» **What to produce**
Could you copy the data that follows exactly as written, but drop the pictures?
Segment Start: Data segment
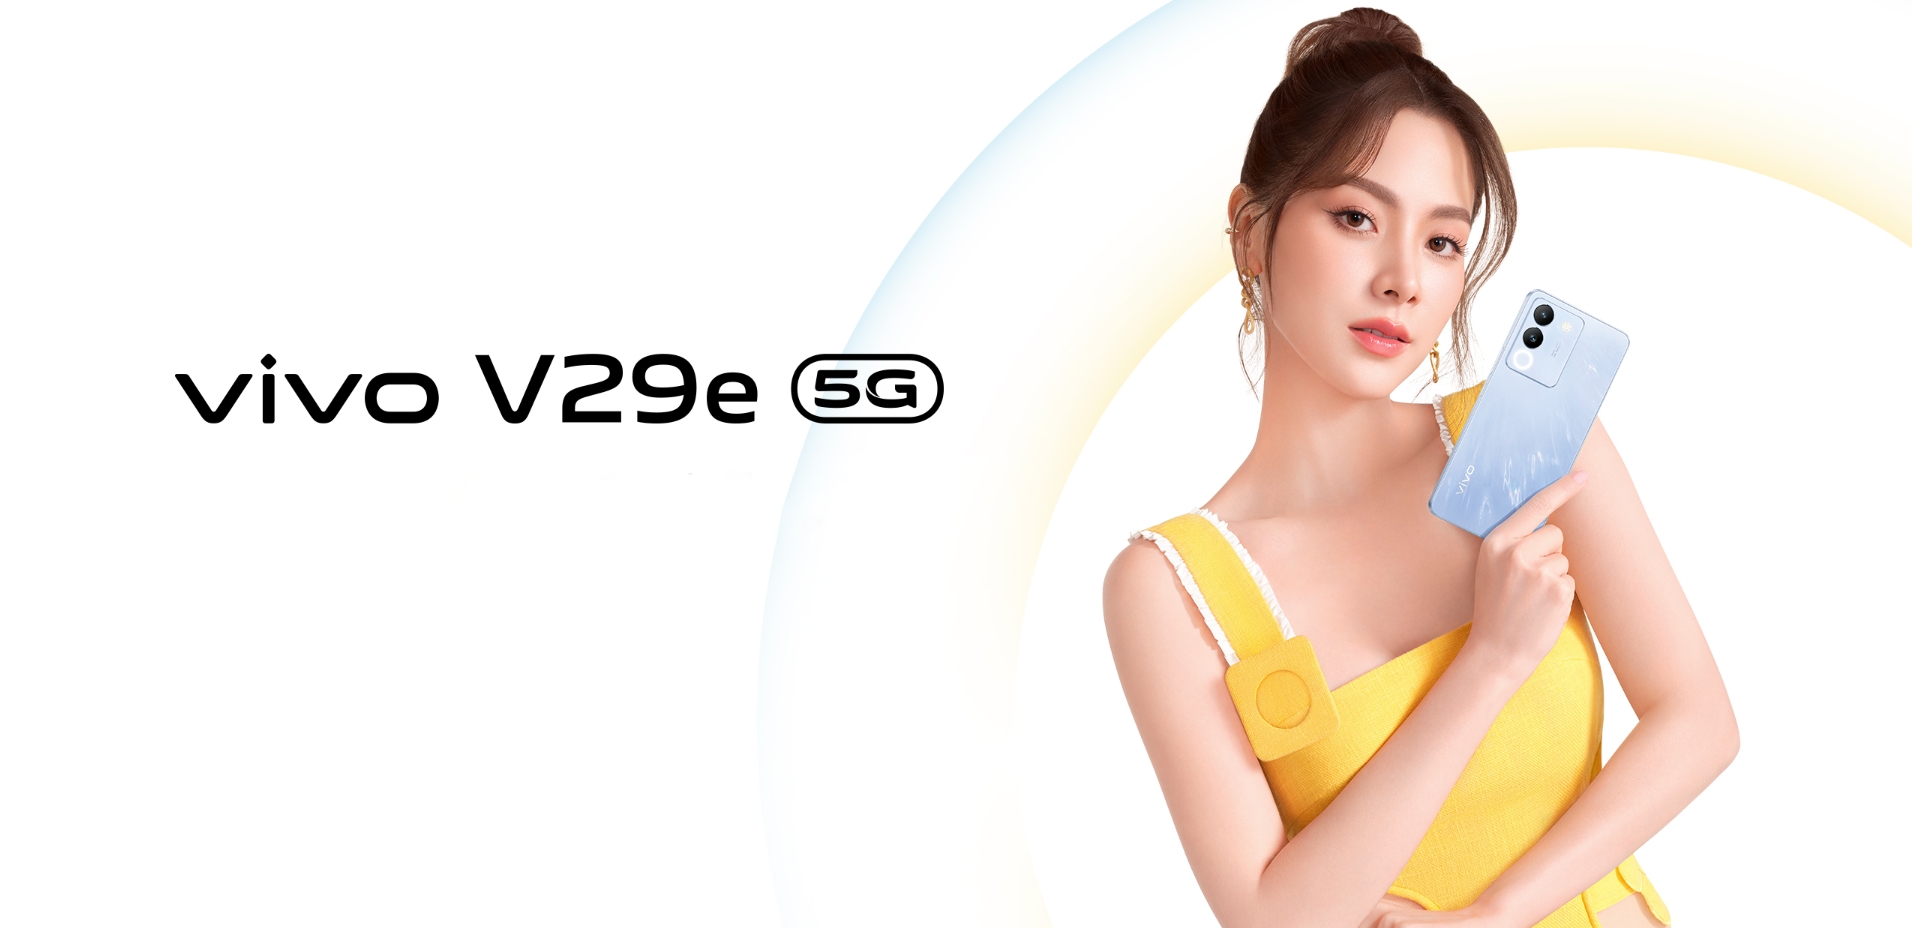 The vivo V29e has made its global debut with a 120Hz AMOLED display, Snapdragon 695 chip, 44W charging and a 64MP camera
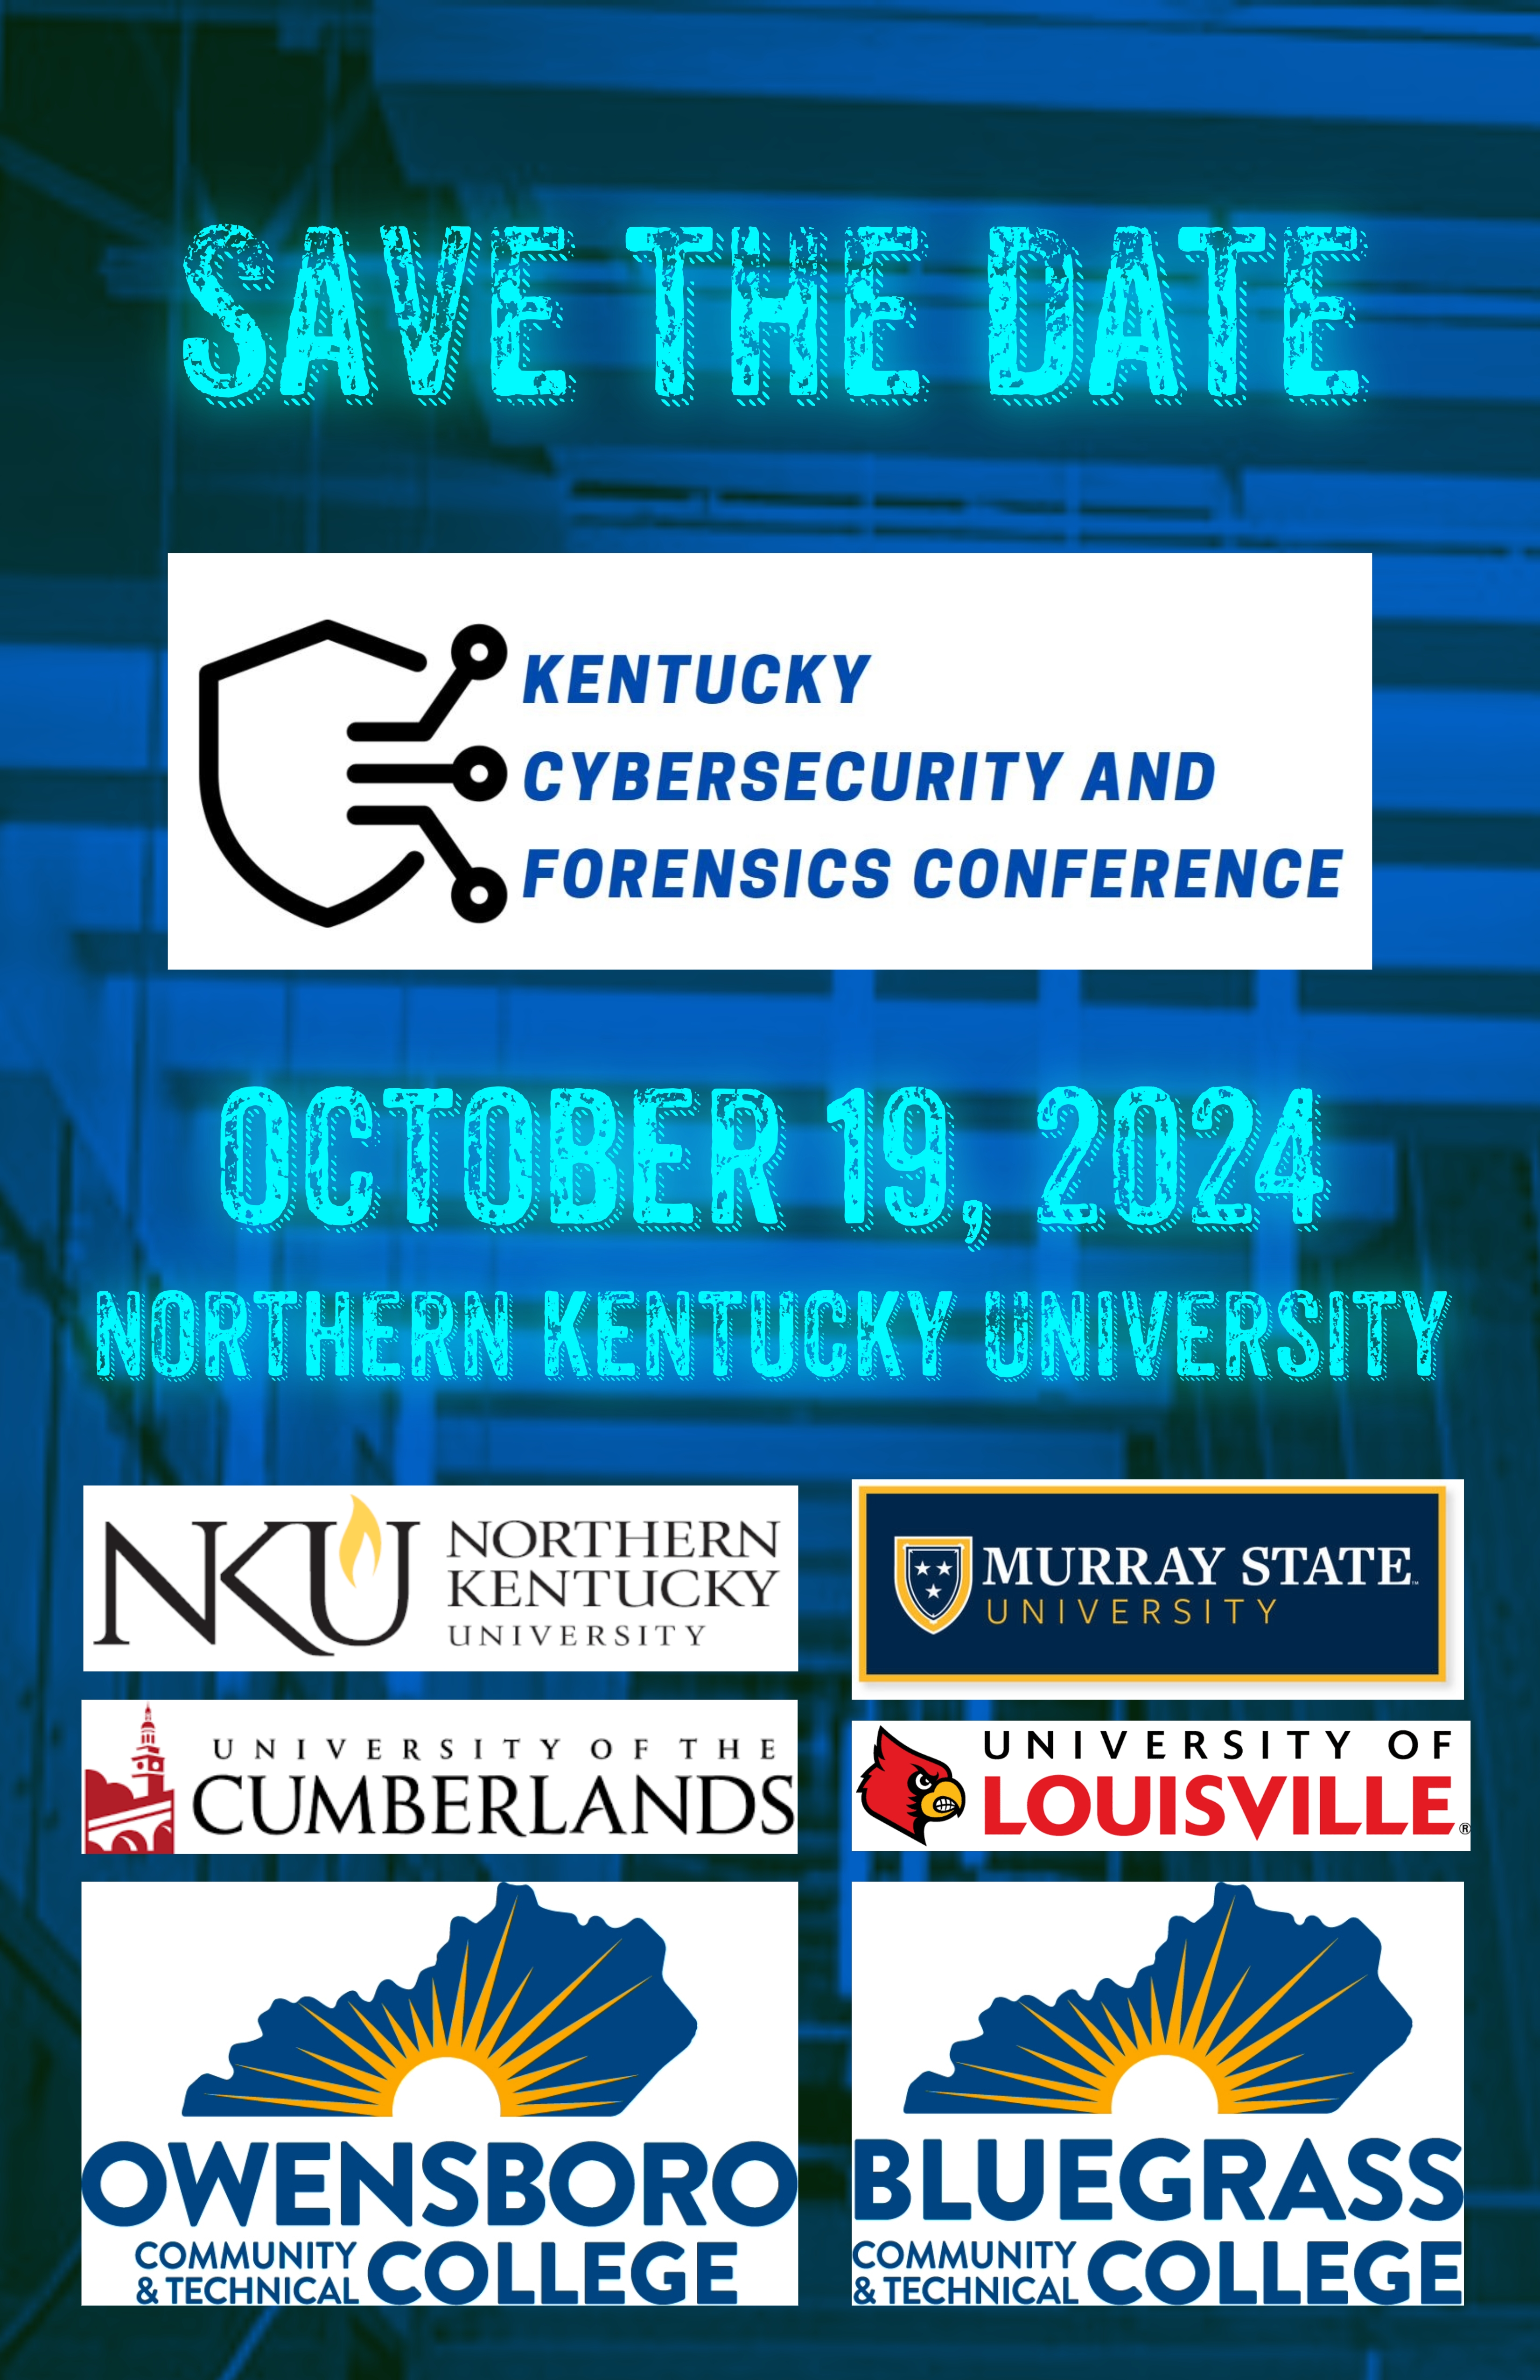 Kentucky Cybersecurity and Forensics Conference held on October 19th 2024 hosted by NKU
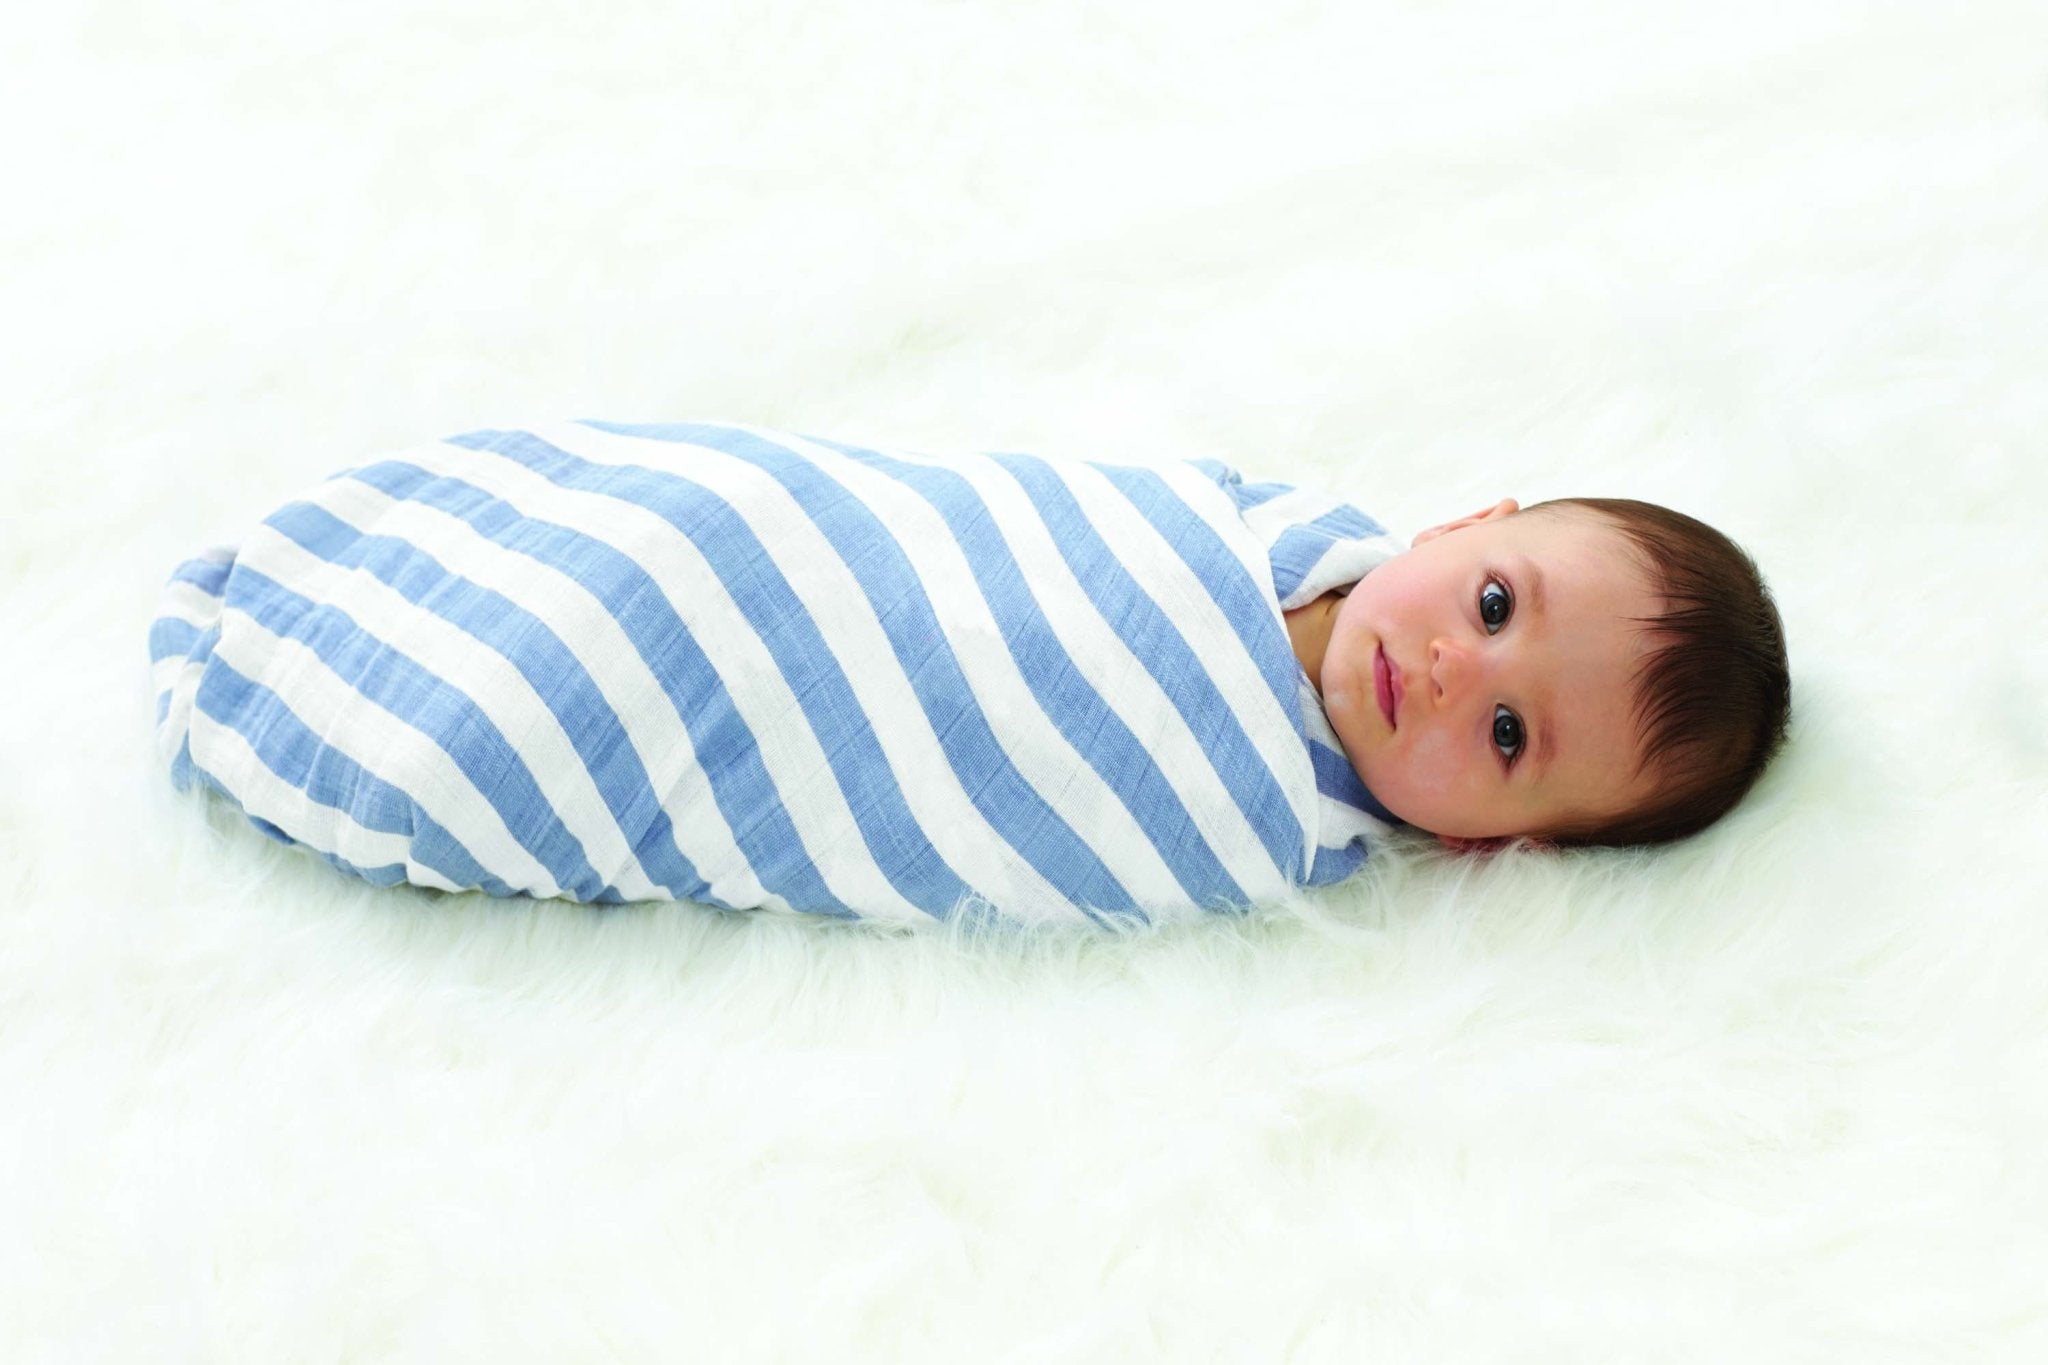 Aden & Anais Infant Boutique Classic Swaddle Blankets, Rock Star, 4-pack - ANB Baby -$50 - $75
Segment End: Data segment
» **Your response**
 The vivo V29e has made its global debut with a 120Hz AMOLED display, Snapdragon 695 chip, 44W charging and a 64MP camera
 Kentucky Cybersecurity and Forensics Conference held on October 19th 2024 hosted by NKU
 Aden & Anais Infant Boutique Classic Swaddle Blankets, Rock Star, 4-pack - ANB Baby -$50 - $75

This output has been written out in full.